Here is what the author of the quote said:

I mean that actual data, as observed in the world around us - may not have natural keys as required by the model. Nor are data domains clearly definable. We can’t even agree what a country is - nor figure out how to properly track human languages or lock down standards for how the semantics of programming language are supposed to work. And what key can we even use to uniquely identify an individual - when legislation often forbids the storage of any keys? Normalisation is also a very poor way to organise data that needs to be analysed at speed (which is why almost no analytical systems use normalised models)

I’ll break down the argument into its propositions and my answer to each is below.

  1. data as observed may not have natural keys as required by the (relational) model (RM)

    I would define a key in the RM as a part of the proposition denoted that allows for it to be uniquely referred to in the given Domain of Discourse.

    If one accepts that definition, how can something denoted not have a key? If one is denoting it, one needs to refer to it somehow unambiguously. Any system that deals with the data would do that, be it in the application layer or the DBMS layer.

  2. data domains are not clearly definable

    This is the same issue as above, but on the predicate level instead of the proposition level. If we can refer to a proposition (e.g. Bob’s salary is 100) we can certainly refer to its predicate (E’s salary is X). And if we can’t, we cannot process it in any given system.

  3. legislation would disallow keys

    Then such legislation would force the predicate to change (maybe to aggregates only?). In other words, the legislation constrains the Domain of Discourse, but all the properties of such remain.

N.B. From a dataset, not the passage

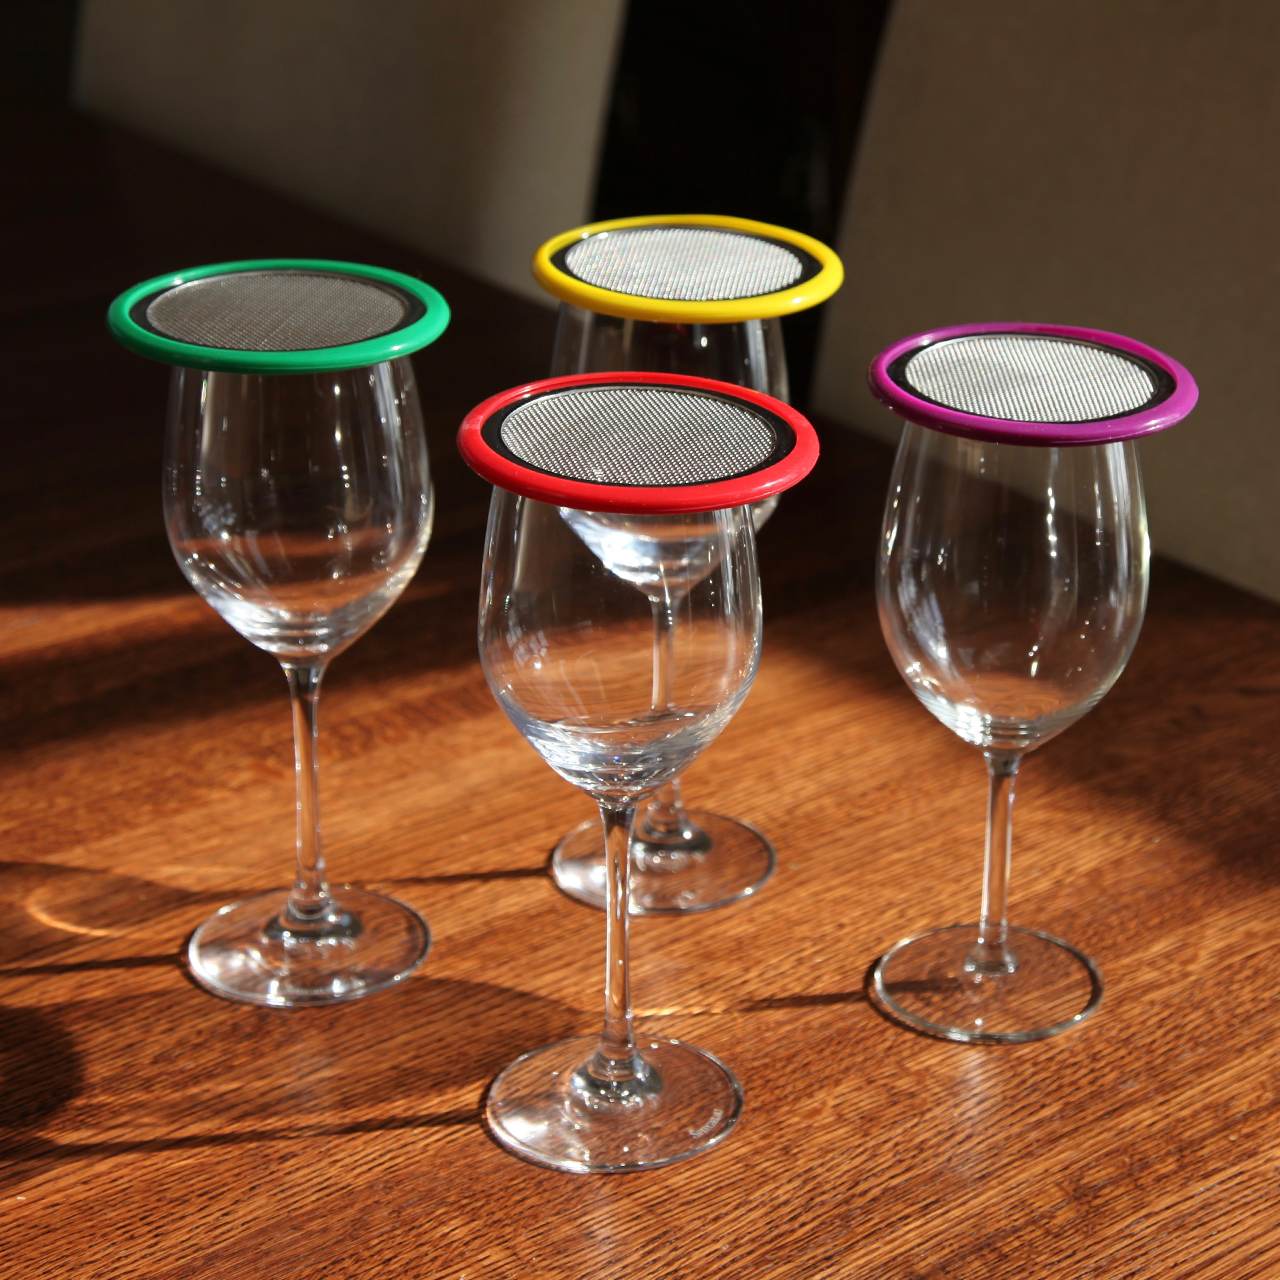 Drinking Glass Covers

  4. normalization makes systems performs badly

    Normalization means that a given encoded relation refers to a single logical predicate. That bears no significance, at least in principle, to performance.

Conclusion

The necessity of keys and normalization is not a quirk of the relational model. It reflects something deeper about the world we are modeling (our Universe of Discourse). We must refer to things unambiguously, and for that things must possess stable, distinguishing essences.

The difficulty of identifying what a country is, or what constitutes an individual, is not evidence that essences do not exist. It is evidence that discovering them is hard. That is an epistemological challenge, not an ontological absence.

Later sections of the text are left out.